Billboard campaign aims to protect wild horses
There’s a new billboard greeting visitors heading into the Outer Banks, one with the giant block words: “Apples and Carrots Kill Wild Horses!”
The billboard message recently erected along US 158 is part of a new initiative of the Corolla Wild Horse Fund, which manages a herd of about 100 wild horses on the northern beaches in Currituck County.
The aim of the “No Feed, No Approach” campaign is to educate tourists and locals alike about the dangers of human interaction with the wild herd.
The billboard, donated by Karen and Mac Quidley, sits on their private property. Payment of the vinyl wrap was provided by CWHF volunteer Kelly Wilkes and its installation was donated by Robert and Carol Givens of RO Givens Signs. Terry Douglas, a horse-loving graphic artist from Richmond, Virginia, donated the design of the board.
Fund officials say the strong message is intended to make the public aware wild horses cannot eat any food that is not from their natural habitat of beach grasses. Other foods can cause painful colic and may result in death, the fund said in a news release.
The other half of the summertime messaging is the “no approach” campaign. Currituck laws require people to stay at least 50 feet from wild horses, but many disregard the rules.

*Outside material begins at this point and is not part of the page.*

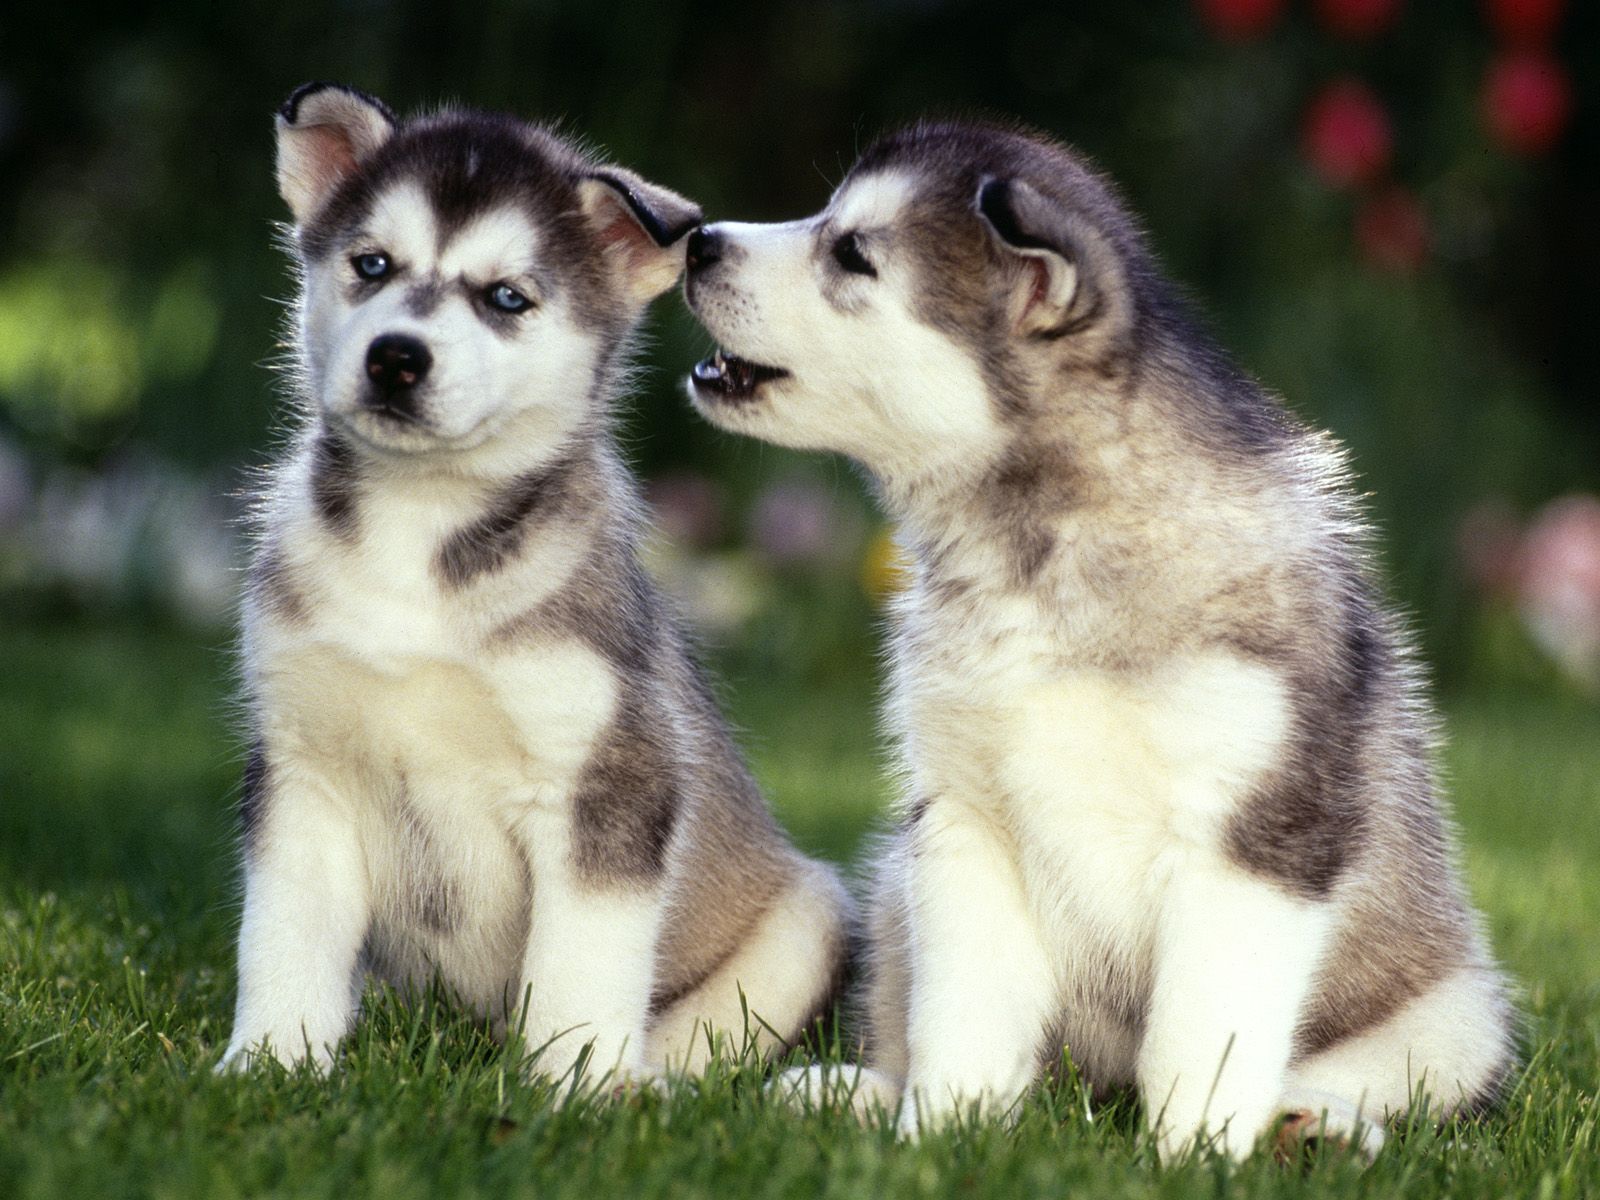 Siberian Husky Puppies | Huskeys | Pinterest | Husky puppy, Siberian ...

Fund officials say people are in danger if stallions suddenly begin fighting, or the herd begins running.
In addition to the billboard, many Duck and Corolla merchants are donating time on their marquees this summer to promote the wild-horse educational messaging. Property owners in the 4×4 area are also posting yard signs to reinforce the no feed/no approach messaging.
The signs are available at CWHF’s museum gift shop in Corolla.